What is a Credit Score & why is it important?
- A credit score is a three-digit number, representing your creditworthiness
- Lenders consider this score to assess the risk associated with lending to an individual
- Borrowers with a good score can expect better terms and lower interest rates
- Some employers have introduced ‘credit screening’ as part of the hiring process
What is a Credit Score?
A credit score is a three-digit number assigned by a Credit Information Companies (CIC) to a borrower based on his or her track record WRT earlier and existing loans and borrowings.

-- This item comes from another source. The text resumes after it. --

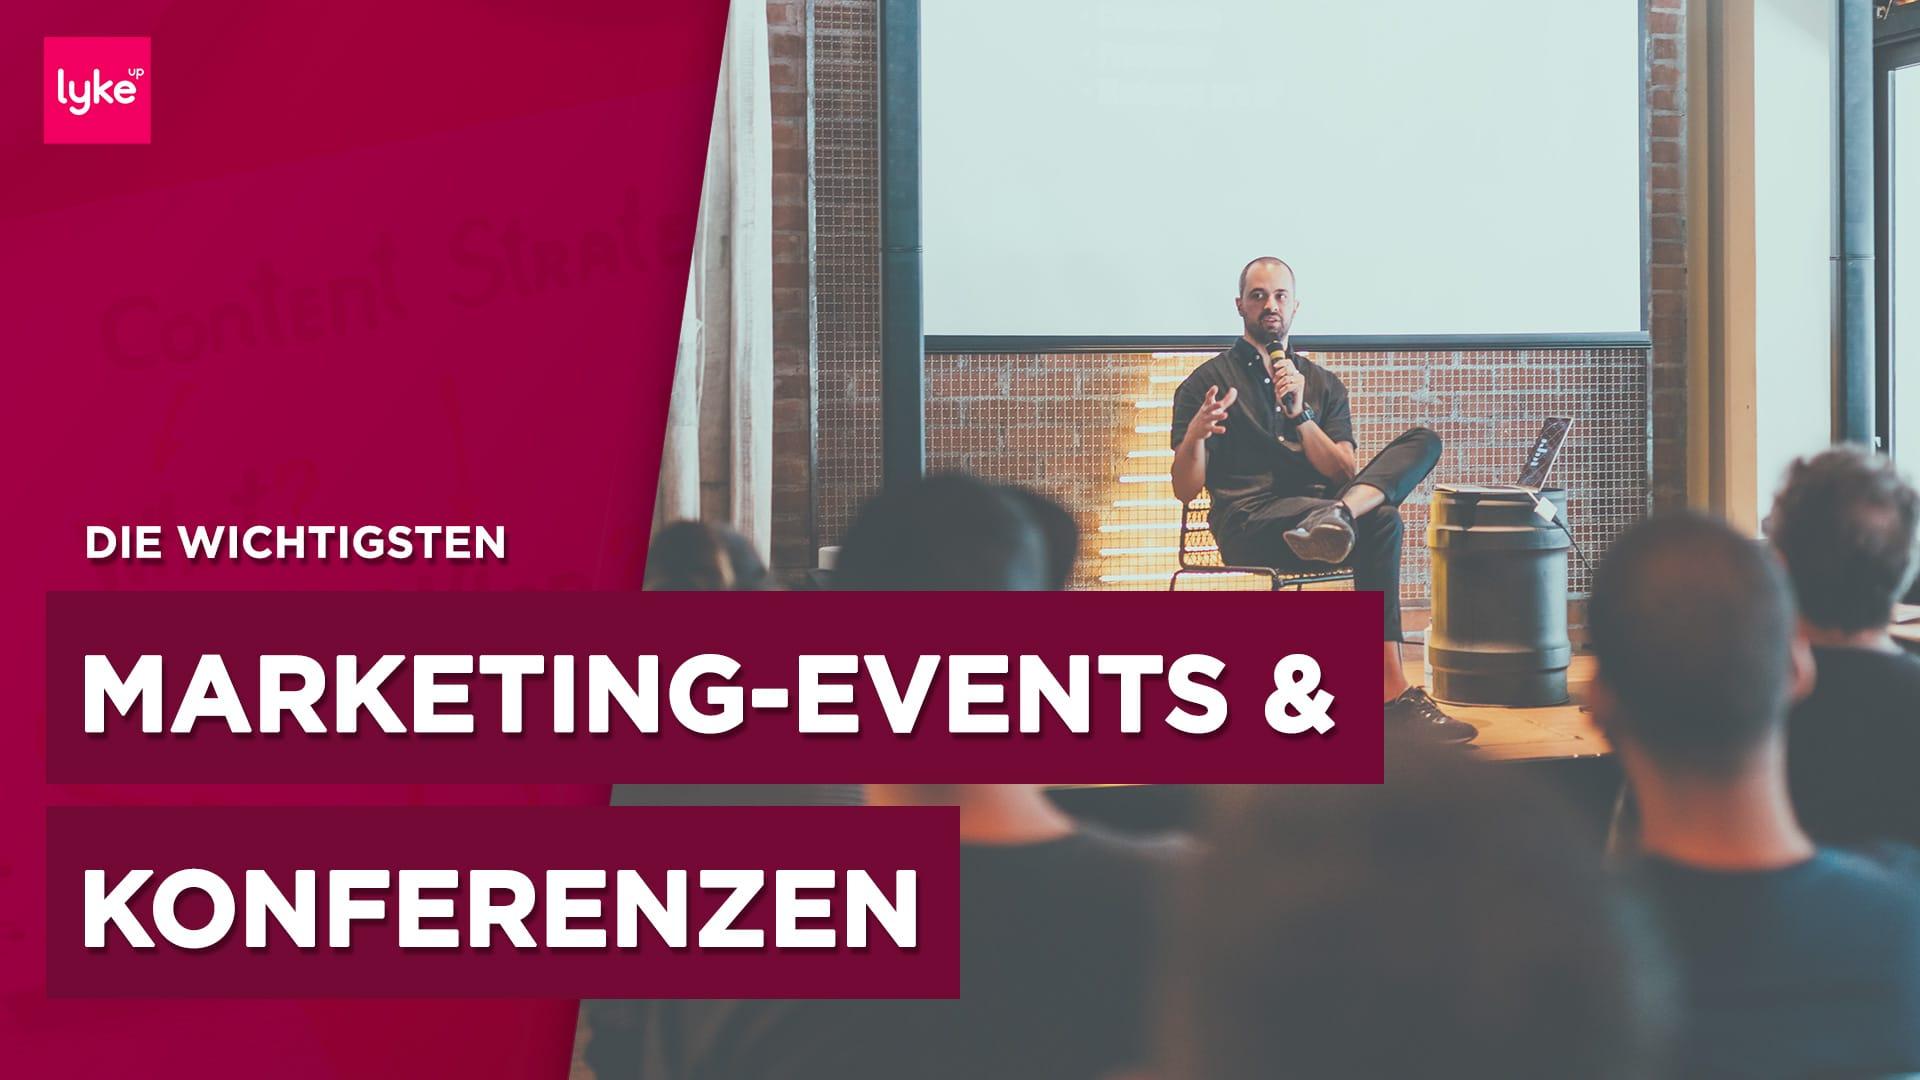 Blogger Events: Die wichtigsten Events und Messen für Blogger und Online Marketer

TransUnion CIBIL, Equifax, Experian and High Mark Credit Information Services are the four well known CICs operating in India. These agencies employ statistical tools to award you a credit score and also evaluate your creditworthiness. Credit score for individuals is between 300 to 900. The credit score is categorized as Bad, Poor, Average, Good and Excellent. While each lender has its own criteria for using the score, a score below 600 is considered Bad, that between 600 and 649 is considered Poor and a score between 650 to 699 is considered Average. Most banks consider a score between 700 to 749 to be a Good score, while a 750+ score is considered Excellent.
The Higher, The Better
A credit score of 700+ increases your chances of availing a loan at preferential terms.
What Does the Credit Score Depend On?
A credit score typically depends on your total outstanding debt, repayment history, loan tenor, the frequency of availing credit and the type of loan accounts active. Hence, even by paying off the current debts you stand a chance of improving your credit score. The importance of achieving a good credit score is stated below:
- Preferential Terms :
Lenders use a borrower’s credit score to gauge the risk associated with lending money to that individual. They prefer lending to people with a good credit record because they generally believe that a good score as a sign of stability and dependability. A higher credit score also means that they are less likely to default on their EMIs. Hence a good credit score improves the chances of a loan approval.
Borrowers, on the other hand, can leverage a healthy credit score to negotiate for preferential interest rates, loan amount, tenor, etc. Click here for instant personal loan quote.
- Availing a Business Loan:
If you have an existing business, or plan to establish one, it is highly likely that you will require some seed funding. A healthy credit score can help here. Banks and other financial institutions also consider an individual’s credit score while appraising a business loan application from a proprietor-led company.
- Credit Score Based on Employer Brand:
The interest rate you pay is also influenced by the nature of the company you work with. Traditionally, lenders give preferential rates to individuals working with MNCs or blue-chip companies and charge higher interest to clients working with relatively unknown entities. However, there are now banks that offer equally competitive rates to individuals working with smaller companies as well.
Credit Score for Hiring
A poor credit score can also affect employability. Employers from sectors like IT & ITeS, banking and even the Government, conduct ‘financial credit screening’ as a part of their recruitment process. Companies view individuals with a poor score as more likely to engage in unscrupulous activities, compared to financially disciplined employees (those having good scores).
Hence, a good credit score positively affects your overall current as well as future financial prospects. It is certainly a good idea to ensure that you maintain the credit score.